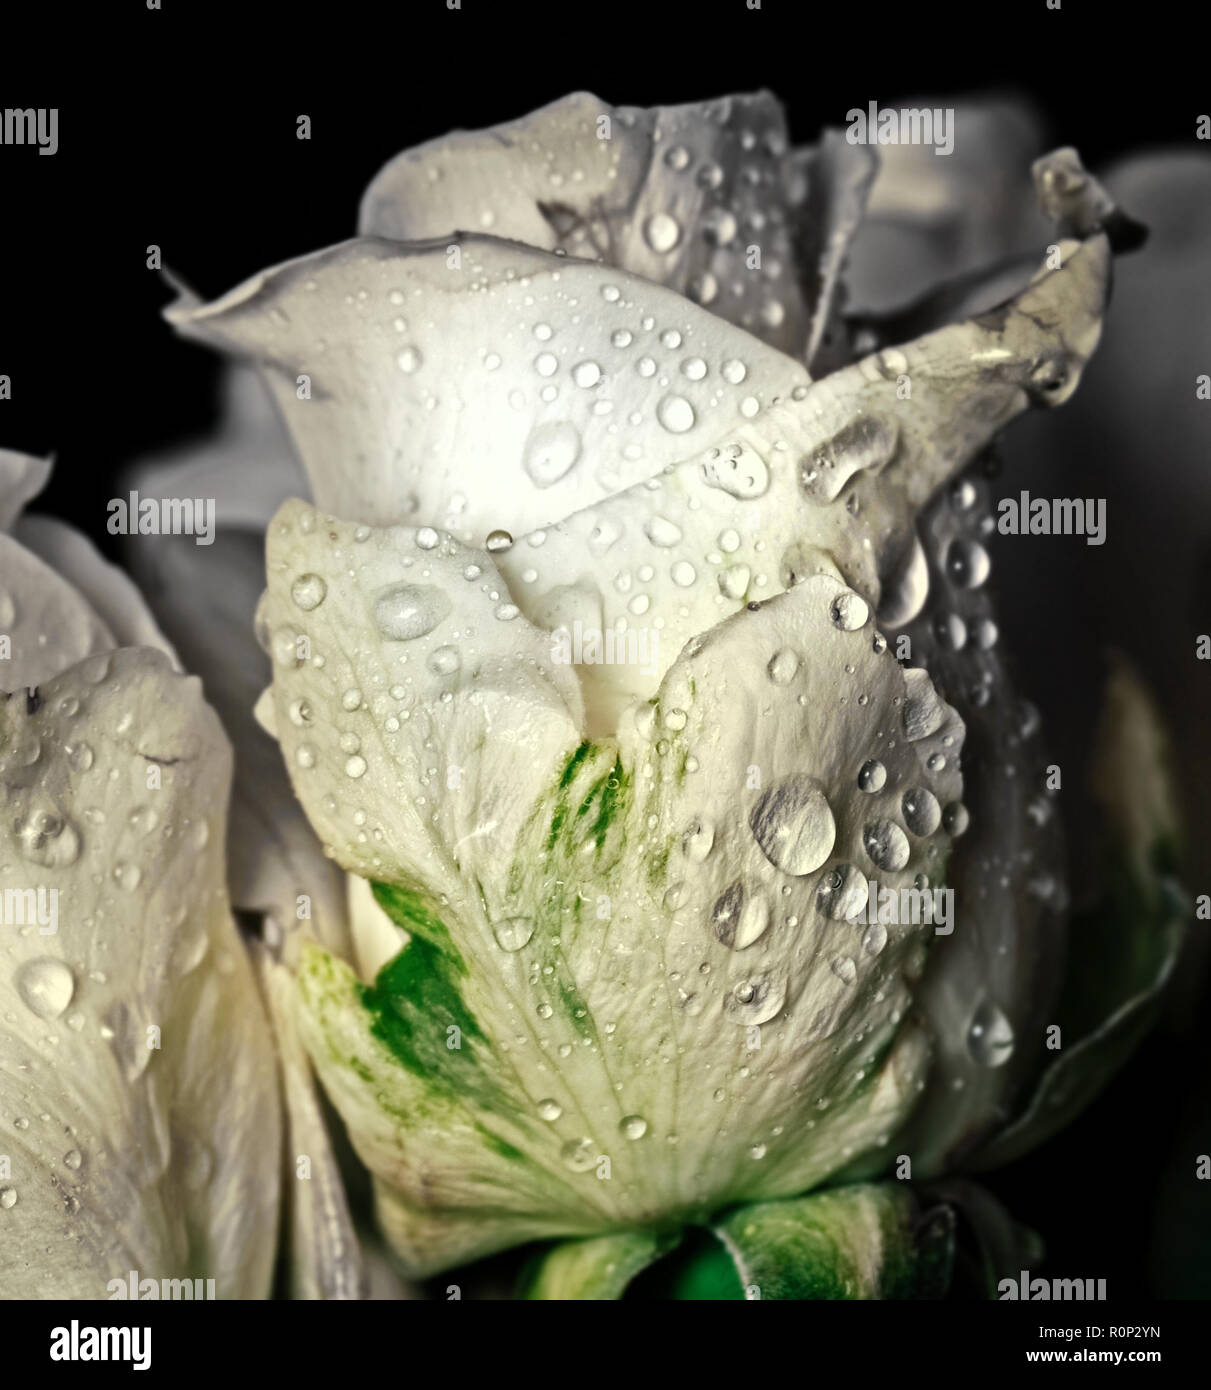 Ziemlich frische weiße Rose in Wassertropfen auf einem dunklen Hintergrund Stockfoto
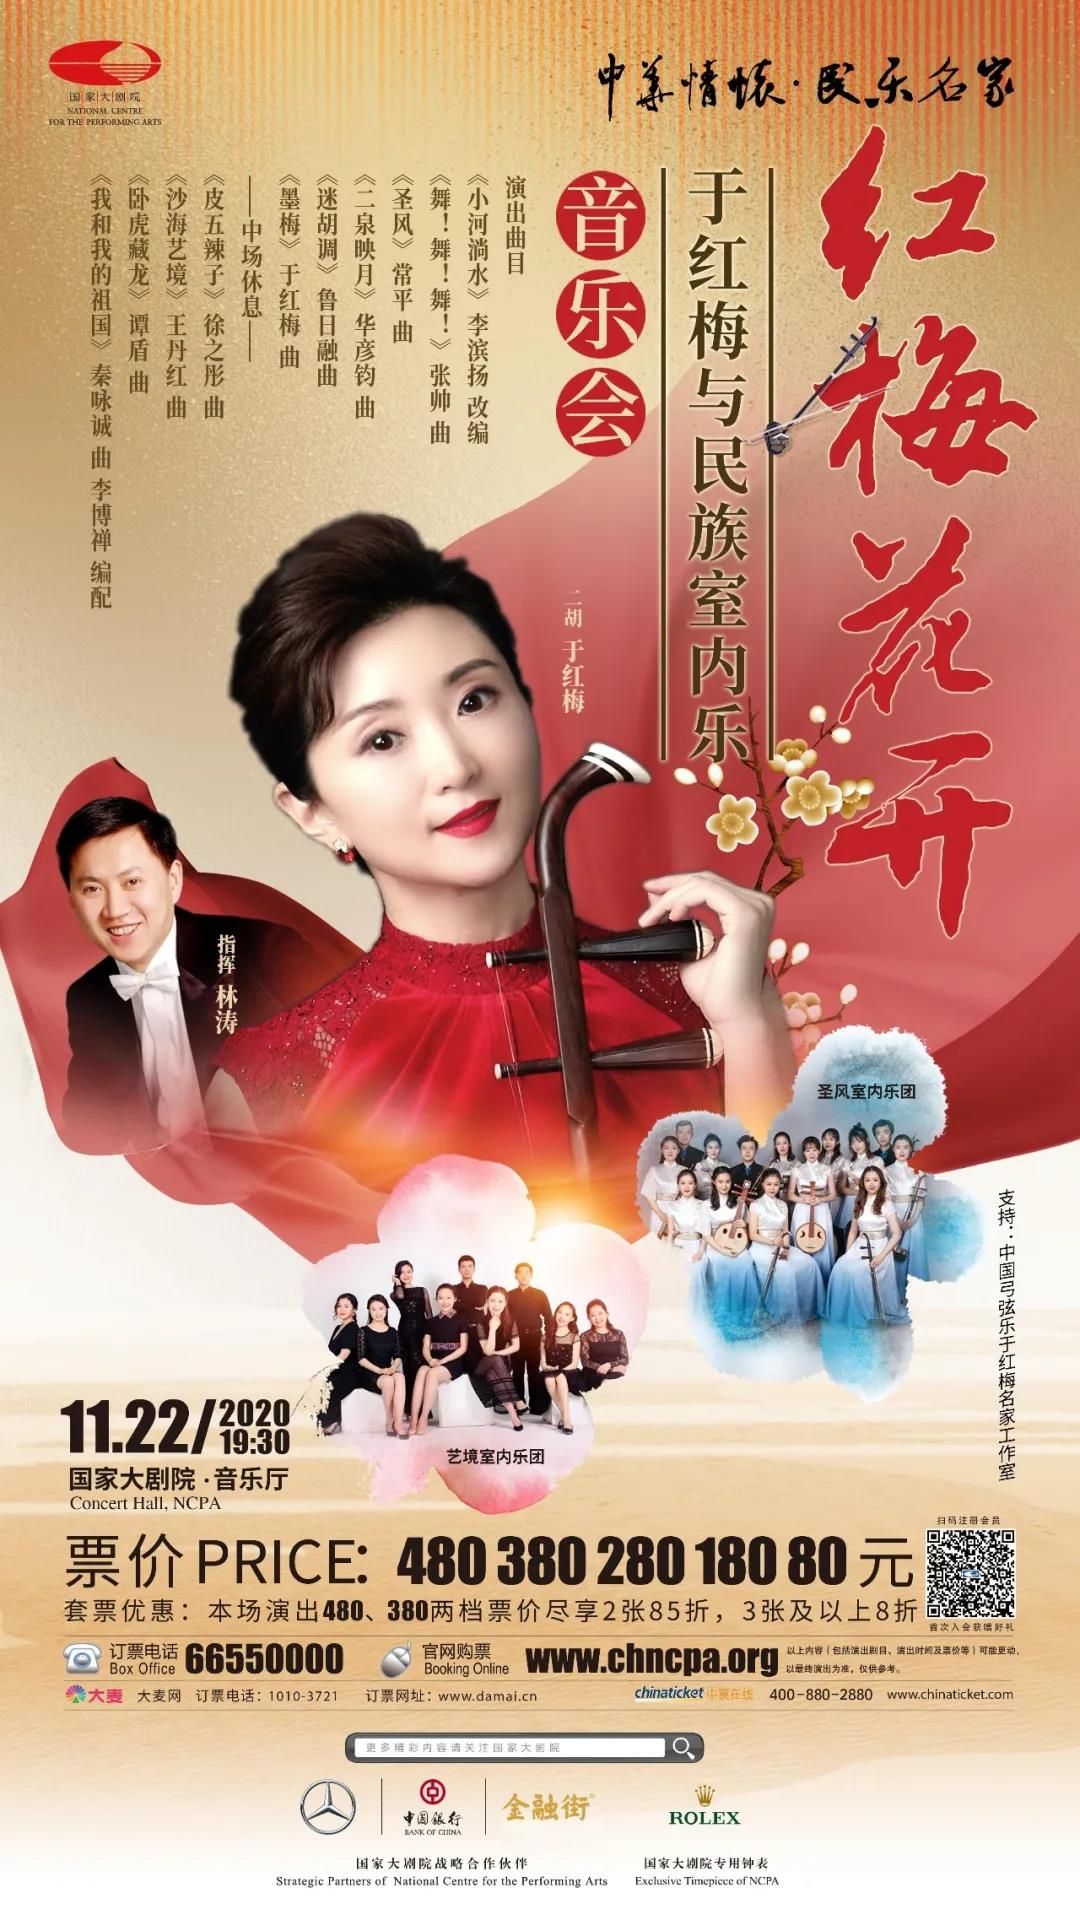 阵容强大，作品经典——“红梅花开”于红梅与民族室内乐音乐会将于11月22日在国家大剧院上演
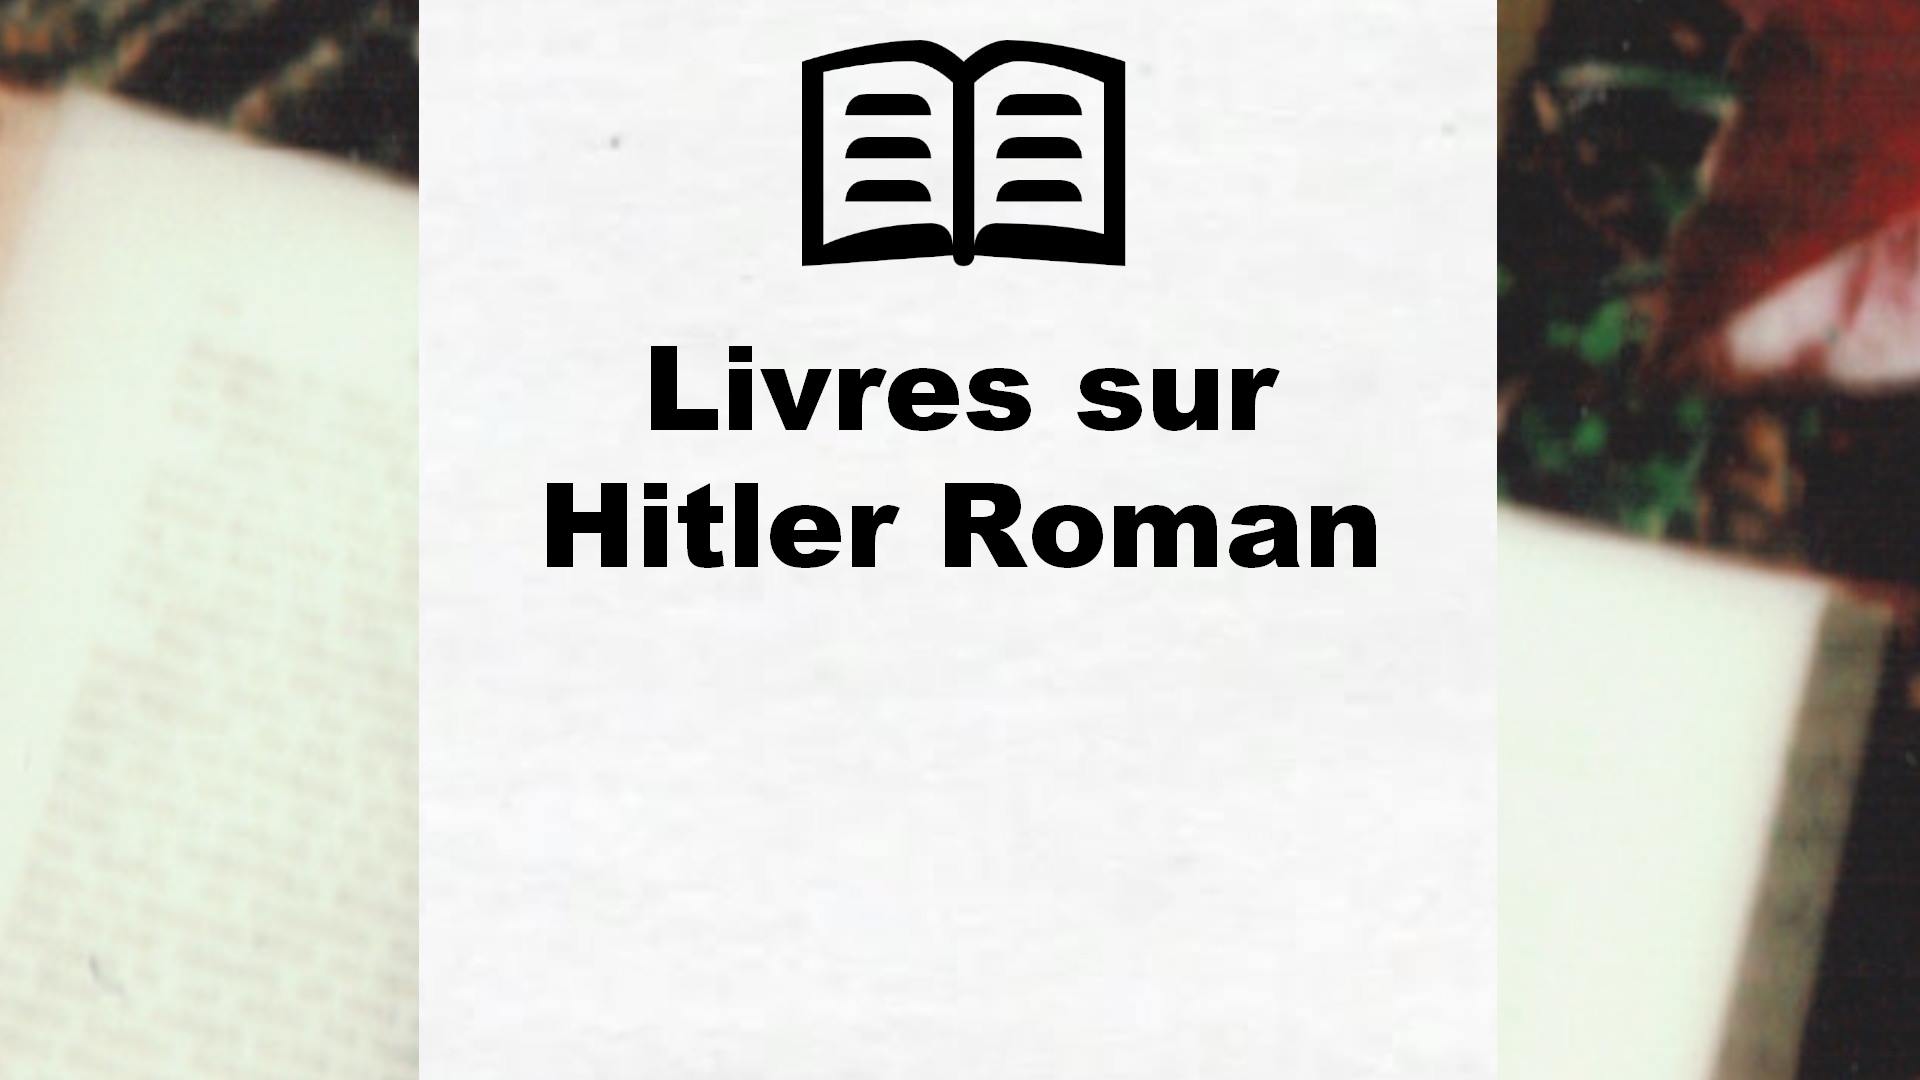 Livres sur Hitler Roman
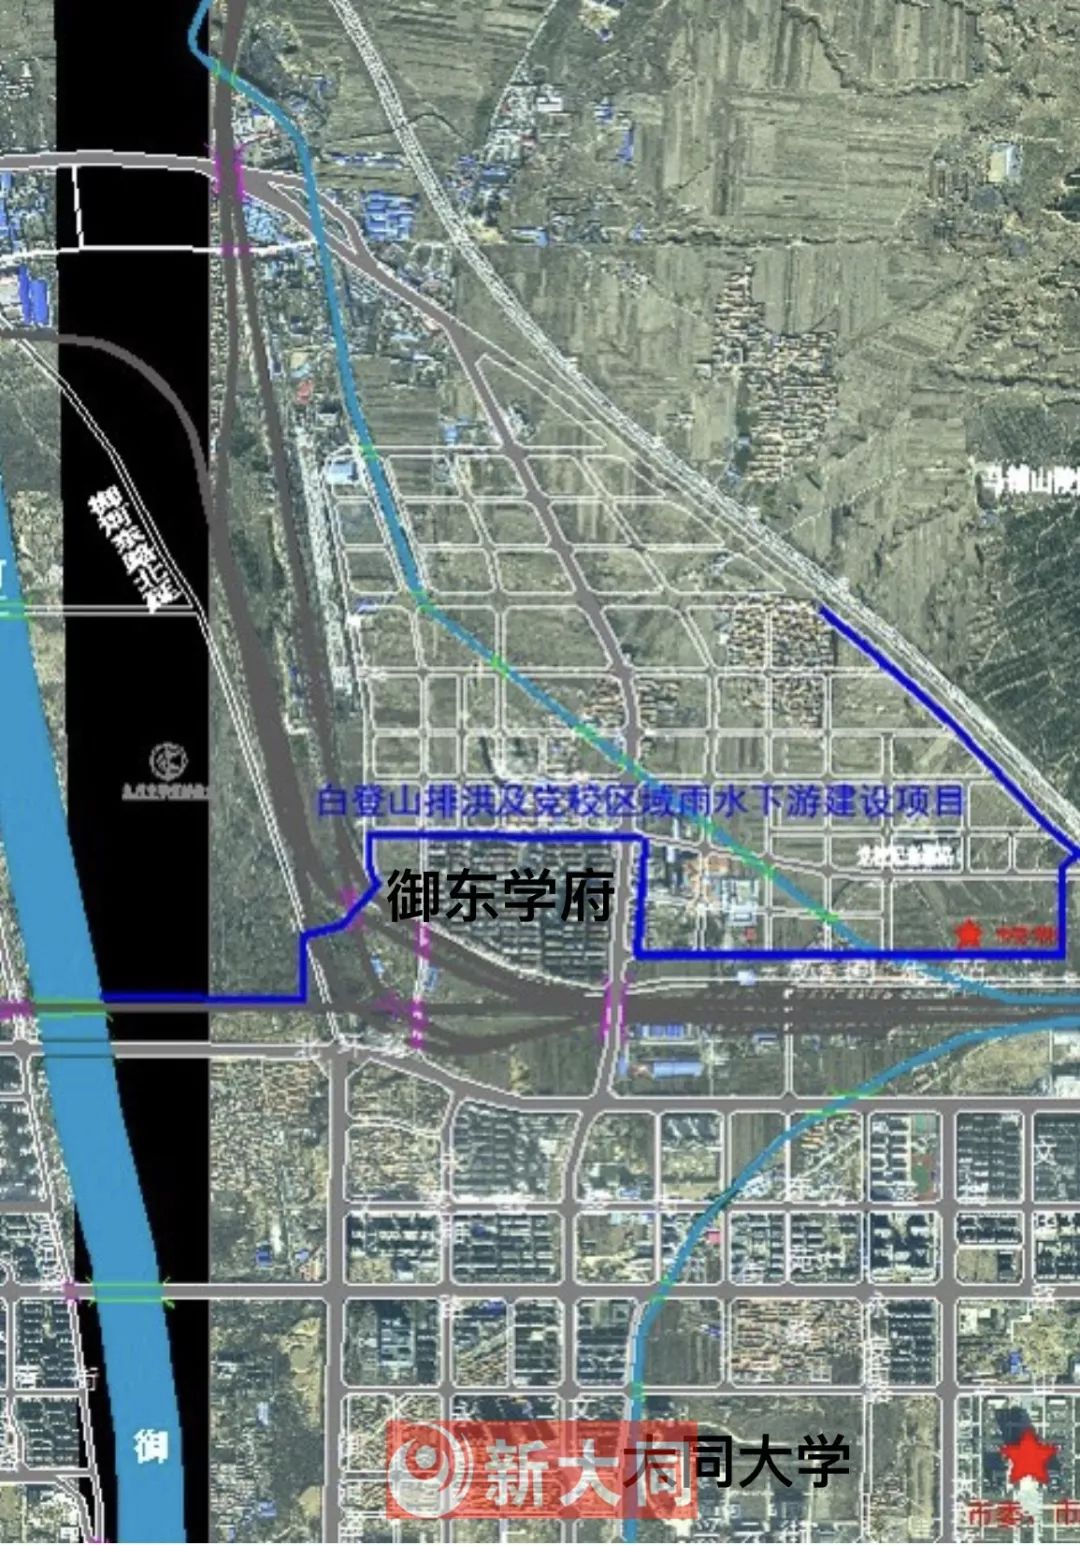 2019大同市政工程建设计划公示 | 御河西路快速路,操场城街.

What is needed. Copy the data character for character, but drop all pictures from the copy.

Answer to this exercise.
 Ziemlich frische weiße Rose in Wassertropfen auf einem dunklen Hintergrund Stockfoto
 阵容强大，作品经典——“红梅花开”于红梅与民族室内乐音乐会将于11月22日在国家大剧院上演
 Livres sur Hitler Roman
 2019大同市政工程建设计划公示 | 御河西路快速路,操场城街.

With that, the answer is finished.